BAGHDAD, Iraq -- About 100 masked gunmen stormed a prison near the Iranian border Tuesday, cutting phone wires, freeing all the inmates and leaving behind a scene of devastation and carnage -- 20 dead policemen, burned-out cars and a smoldering jailhouse.
At least 10 attackers were killed in the dawn assault on the Muqdadiyah lockup on the eastern fringe of the Sunni Triangle, police said. The raid showed the mostly Sunni militants can still assemble a large force, capable of operating in the region virtually at will -- even though U.S. and Iraqi military officials said last year that the area was no longer an insurgent stronghold.
The insurgency's strength, spiraling sectarian violence and the stalemate over forming a government in Iraq have led politicians and foreign policy experts to say Iraq is on the brink or perhaps in the midst of civil war.
In all, 33 prisoners were freed, including 18 insurgents who were detained Sunday during raids by security forces in the nearby villages of Sansal and Arab, police said. It was the capture of those insurgents that apparently prompted Tuesday's attack. The 15 other inmates were a mix of suspected insurgents and common criminals.
In an Internet posting Tuesday night, the military wing of the Mujaheddin Shura Council, a militant Sunni Muslim insurgent group, purportedly claimed it carried out the operation. The posting said the group killed "40 policemen, liberated 33 prisoners and captured weapons."

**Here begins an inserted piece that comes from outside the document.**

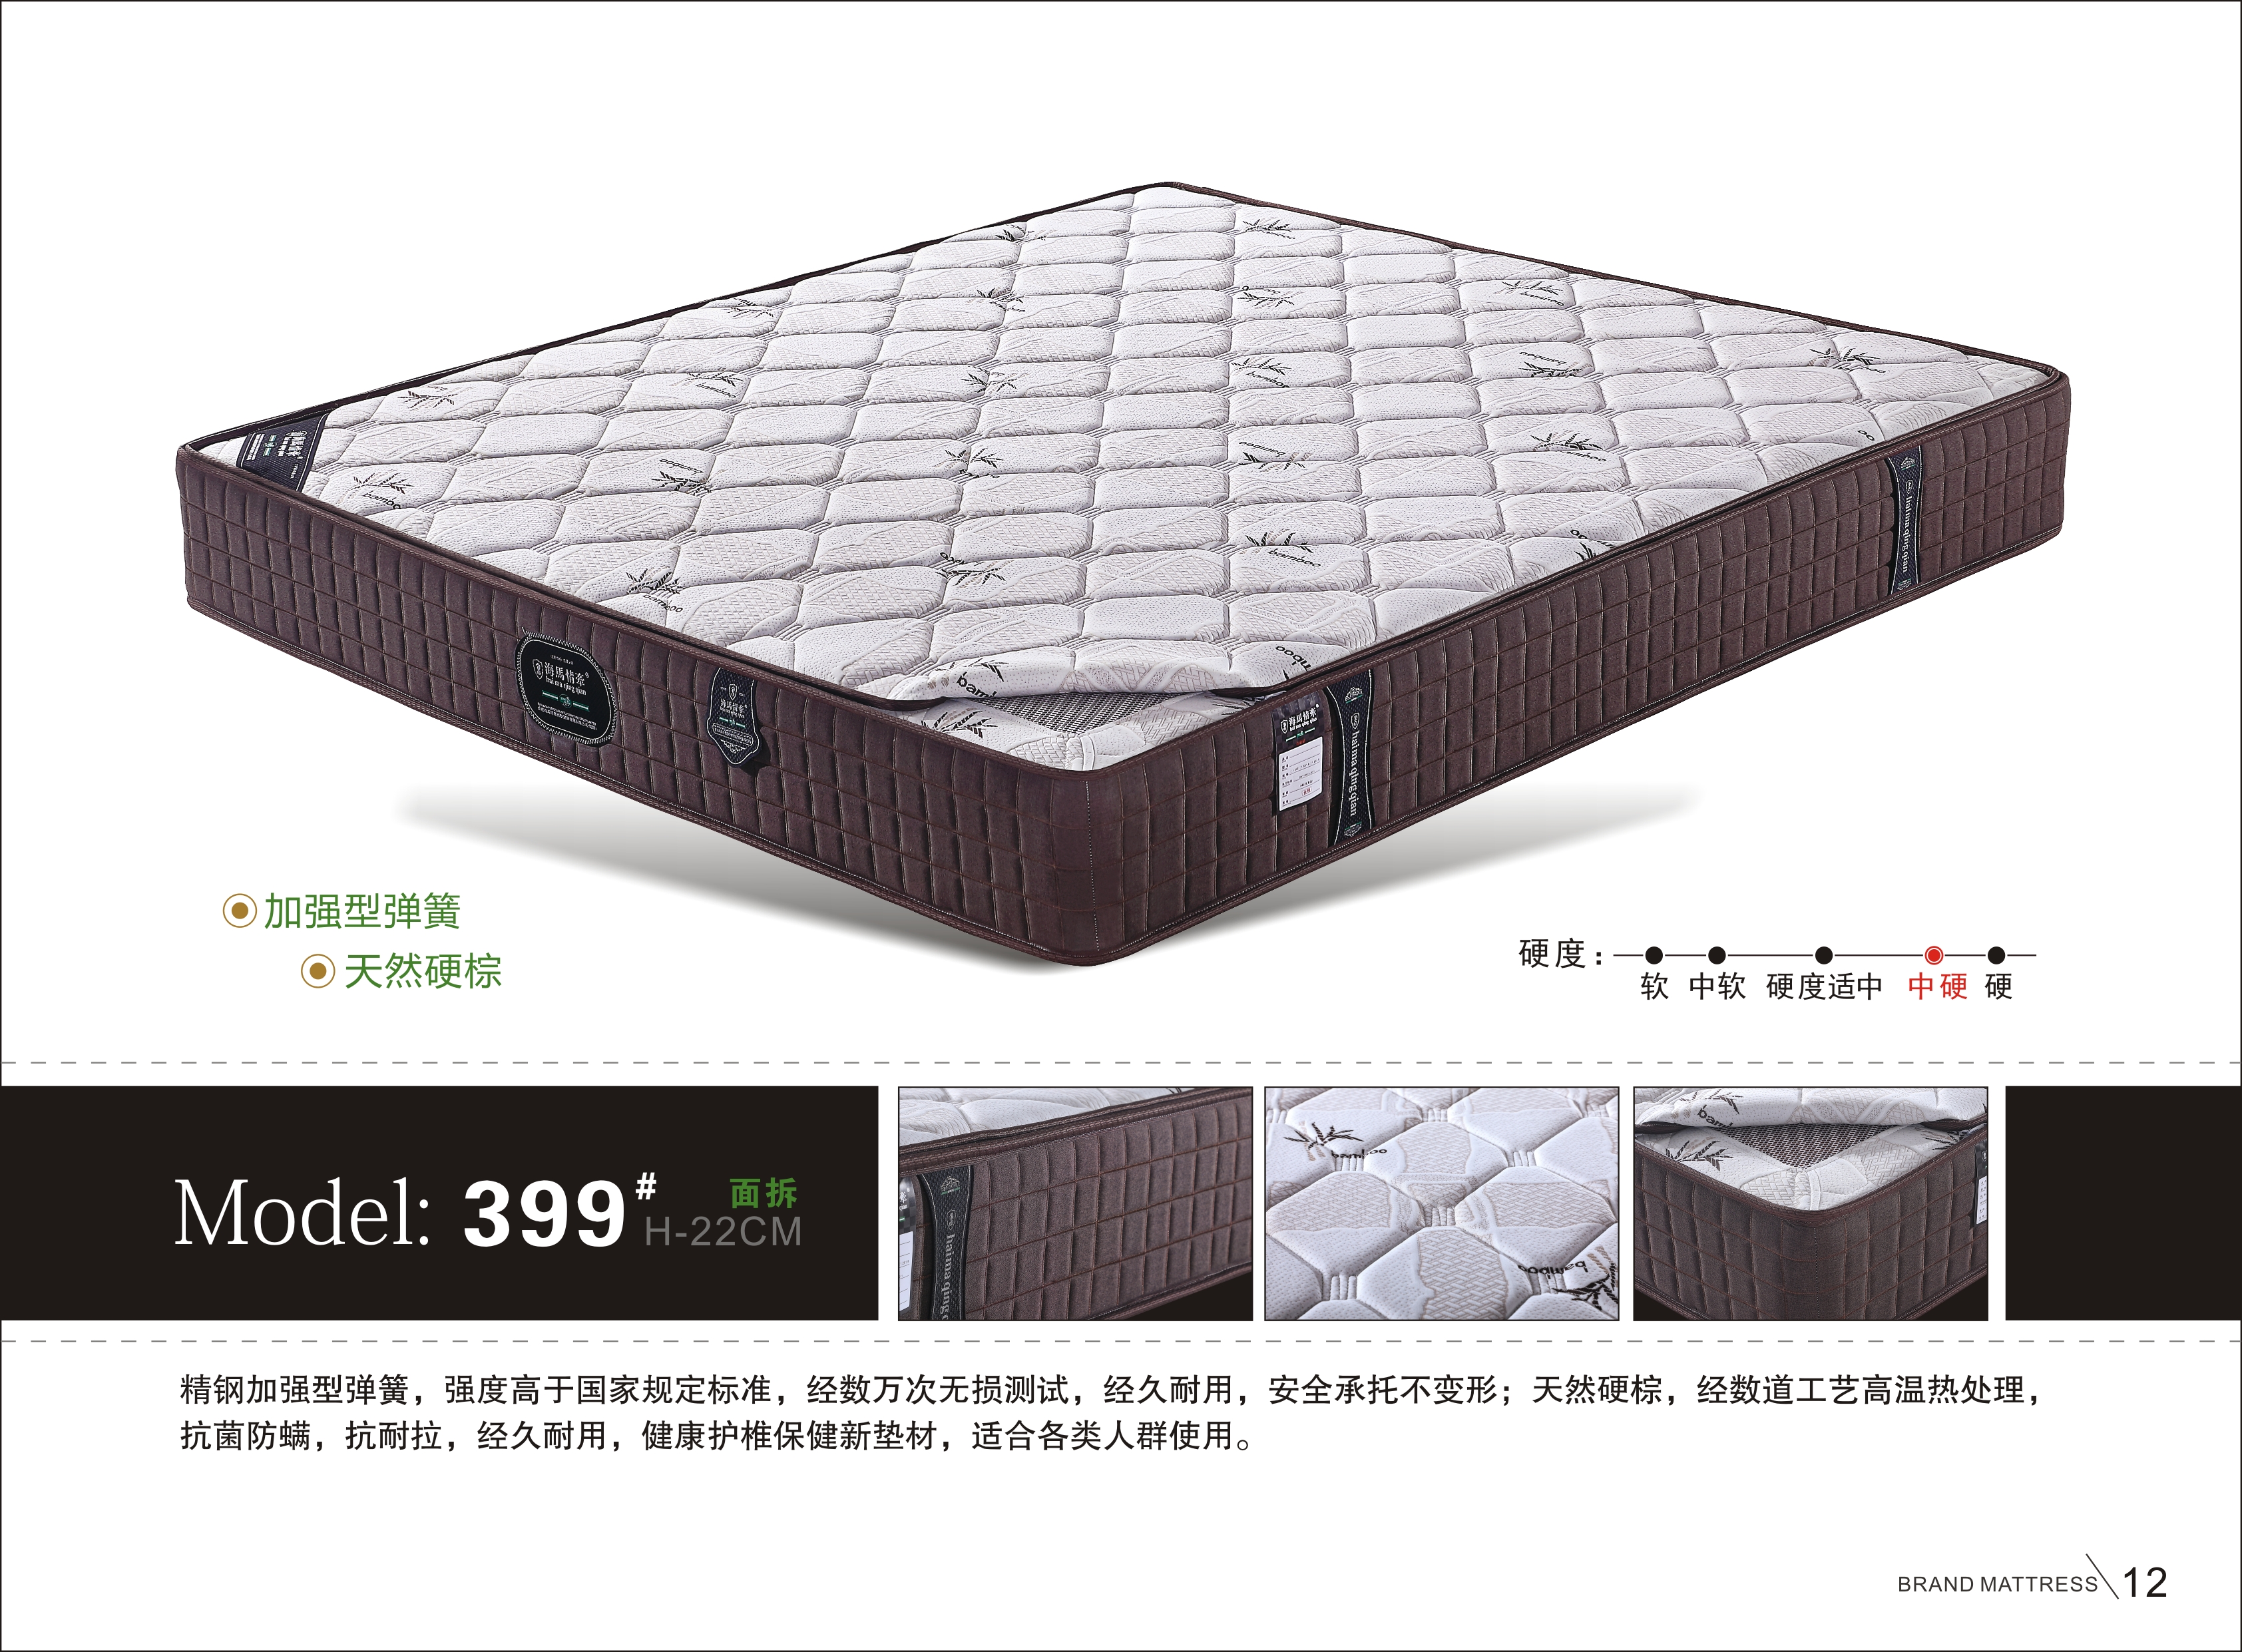 广州彩思床垫供应商_专业生产彩思床垫厂家_优质床垫价格

The claim was posted on the Iraqi News Web site. Neither the higher casualty toll among policemen nor the captured weapons could not be independently verified.

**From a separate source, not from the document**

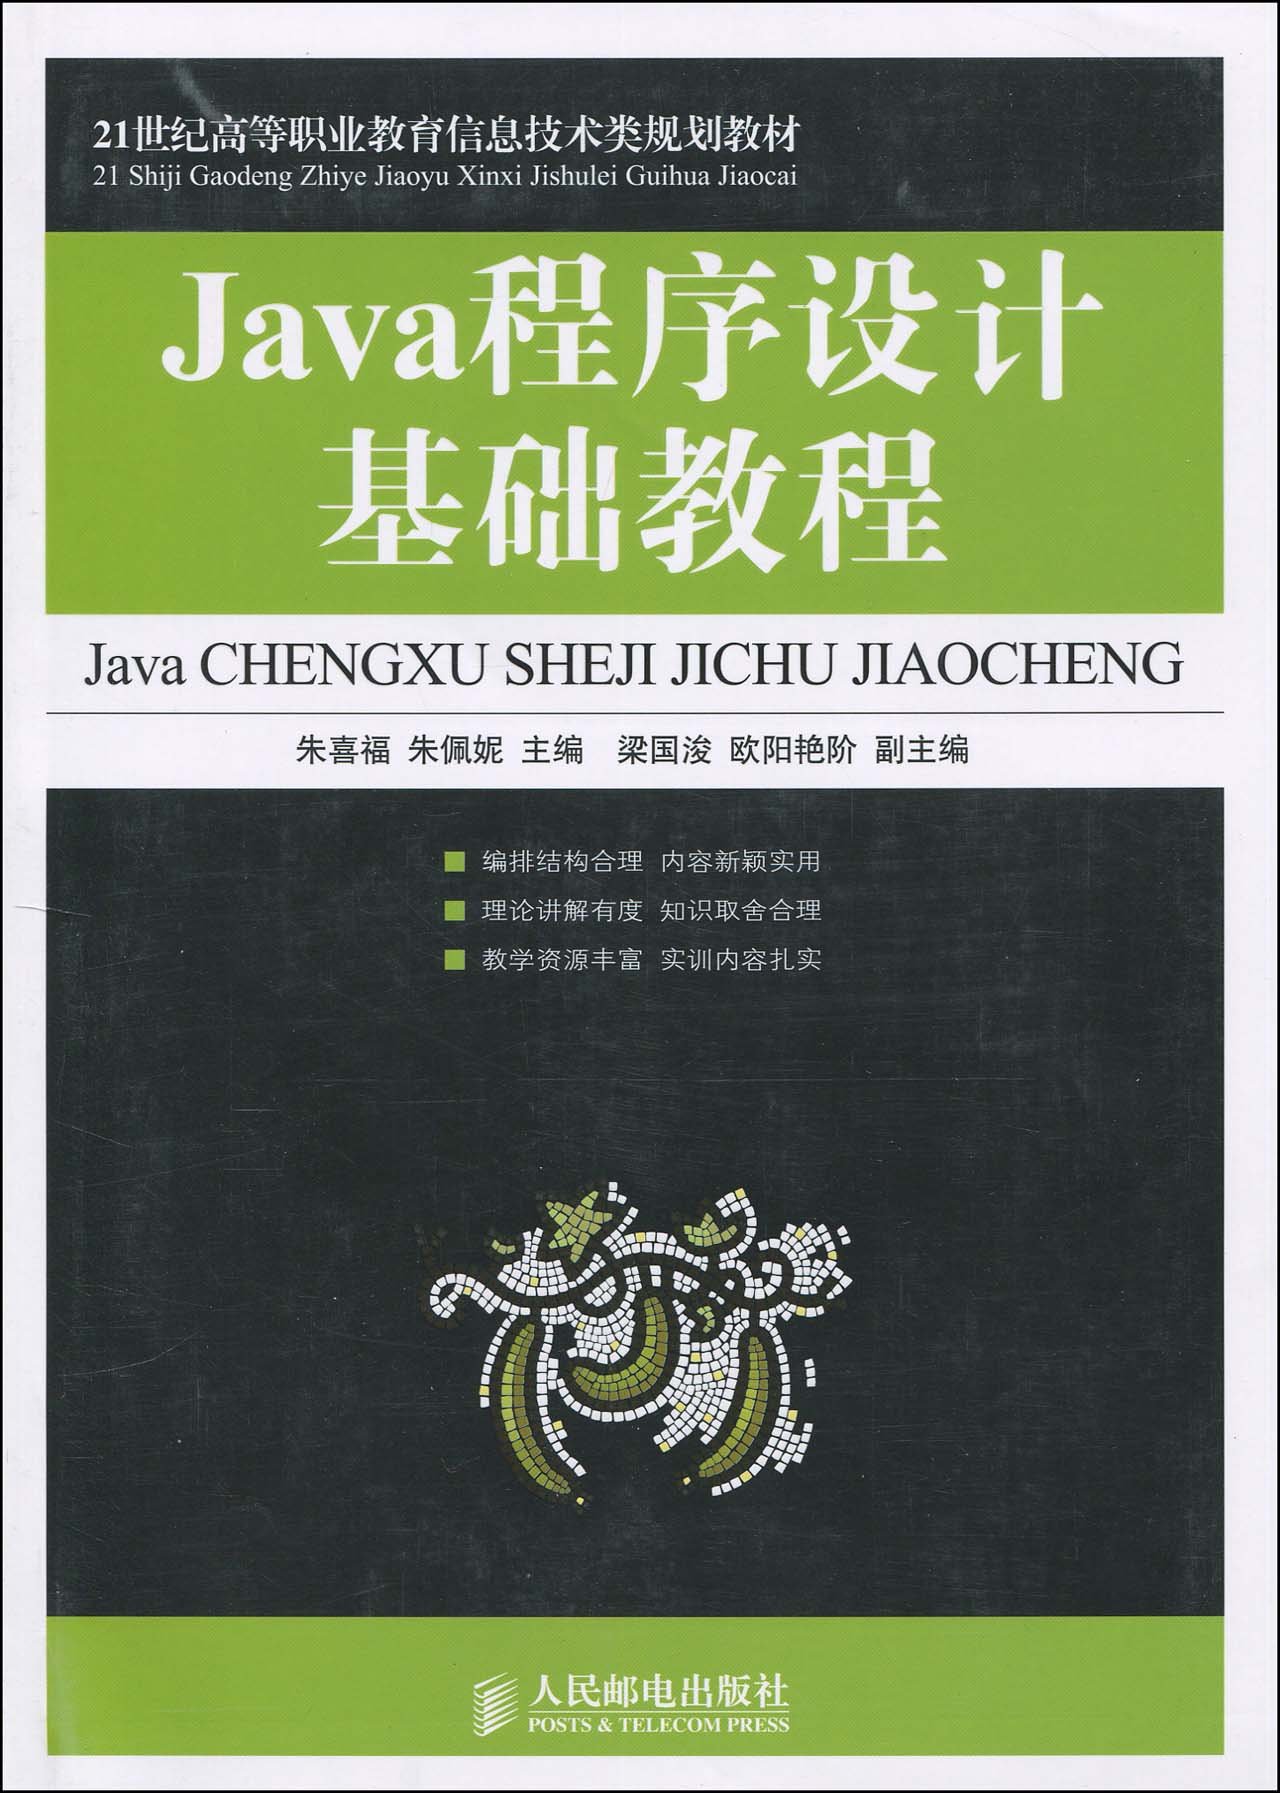 Java程式設計基礎教程(2010年人民郵電出版社出版圖書)

The cutting of the telephone lines made it impossible for jailers or security men, who apparently did not have cell phones, to call other police for backup. Residents of the town informed authorities of the situation after hearing the firing.
With the wires cut, the insurgents had 90 minutes to battle their way into the law enforcement compound before police reinforcements showed up from the nearby villages of Wajihiyah and Abu Saida, police said. Muqdadiyah is about 25 miles from the Iranian frontier and 60 miles northeast of Baghdad.
By the time the insurgents fled, taking away the bodies of many of their dead compatriots, nearly two dozen cars were shot up and set on fire and the jail was a charred mass of twisted bunk bed frames and smoldering mattresses.
Afterward, U.S. helicopters hovered in the air above the jail. Police said residents fired into the air, but it was not clear if the American aircraft were the target. None was hit.
In other violence Tuesday, a roadside bomb killed one policeman and wounded three in Baqouba, 35 miles northeast of Baghdad, authorities said.
A U.S. soldier with the 4th Infantry Division was killed by small-arms fire Tuesday while patrolling western Baghdad, the U.S. military reported. At least 2,315 members of the U.S. military have died since the beginning of the Iraq war in March 2003, according to an Associated Press count.
Also in the capital, gunmen killed an employee of the mayor's office while he was driving in the Dora neighborhood of south Baghdad.
Police reported discovering eight more blindfolded corpses in west Baghdad, some of them under a highway and showing signs of torture, officials said. In Suwera, 50 miles south of Baghdad, four more corpses were found on the bank of the Tigris River.
The execution-style killings have become an almost daily occurrence in a wave of sectarian violence that has left more than 1,000 Iraqis dead since the bombing last month of a Shiite shrine.
With an increasing number of Americans calling for a pullout of U.S. forces regardless of the consequences for Iraq, a powerful group of U.S. senators met with interim Prime Minister Ibrahim al-Jaafari on Tuesday to discuss prospects for formation of a national unity government.
The Bush administration views that step as all-important in establishing peace and opening the way for the start of a U.S. troop withdrawal as early as this summer.
Al-Jaafari said he believed Iraq's most difficult political hurdles had been crossed and predicted a new government would be ready in the coming weeks.
"I hope that the formation of the new government does not last beyond April," he said after the meeting.
Sen. Carl Levin of Michigan, ranking Democrat on the Senate Armed Services Committee, said: "April is fine, but it is necessary that this commitment be kept in order for there to be continued support for the presence of American troops in Iraq."
However, President Bush said Tuesday that the decision about when to withdraw all U.S. troops from Iraq will fall to future presidents and Iraqi leaders, suggesting that U.S. involvement will continue at least through 2008.